Still open to requests for excerpts from Little Book of Thou, but I thought the introduction seemed like a logical place to begin. From the introduction: The Ancient World

People, humans, are natural storytellers, which relates directly to what wonderful listeners we are. We observe the world and listen to the stories being told all around us. Right now, you could stop reading this, go out into your yard or to the park, and find a caterpillar. You could put that caterpillar on your arm, watch it walk one way up your arm, stop and raise its head end to sense which way to go next, and change direction and walk the other way; within minutes, you would imagine that caterpillar is thinking, much like you think. You might have learned in school that bugs don’t think like we do, but knowing that probably wouldn’t keep you from feeling a bond with that caterpillar.

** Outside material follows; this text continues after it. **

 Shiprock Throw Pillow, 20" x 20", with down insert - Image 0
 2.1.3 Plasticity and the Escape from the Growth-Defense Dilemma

Little Book of Thou: Reflections on Ancient Myth and the writings of Joseph Campbell is a book I wrote for my sisters’ kids. I’ll post excerpts under the tab “Joseph Campbell.” This caterpillar on the arm bit is also a nod to another of the great teachers in my life, the late, wonderful Carl Sagan. I forget in which one of his books he uses watching a caterpillar on your arm to show the ability humans have to anthropomorphize. In Community, Jeff Winger used a pencil and named it Steve. Same idea.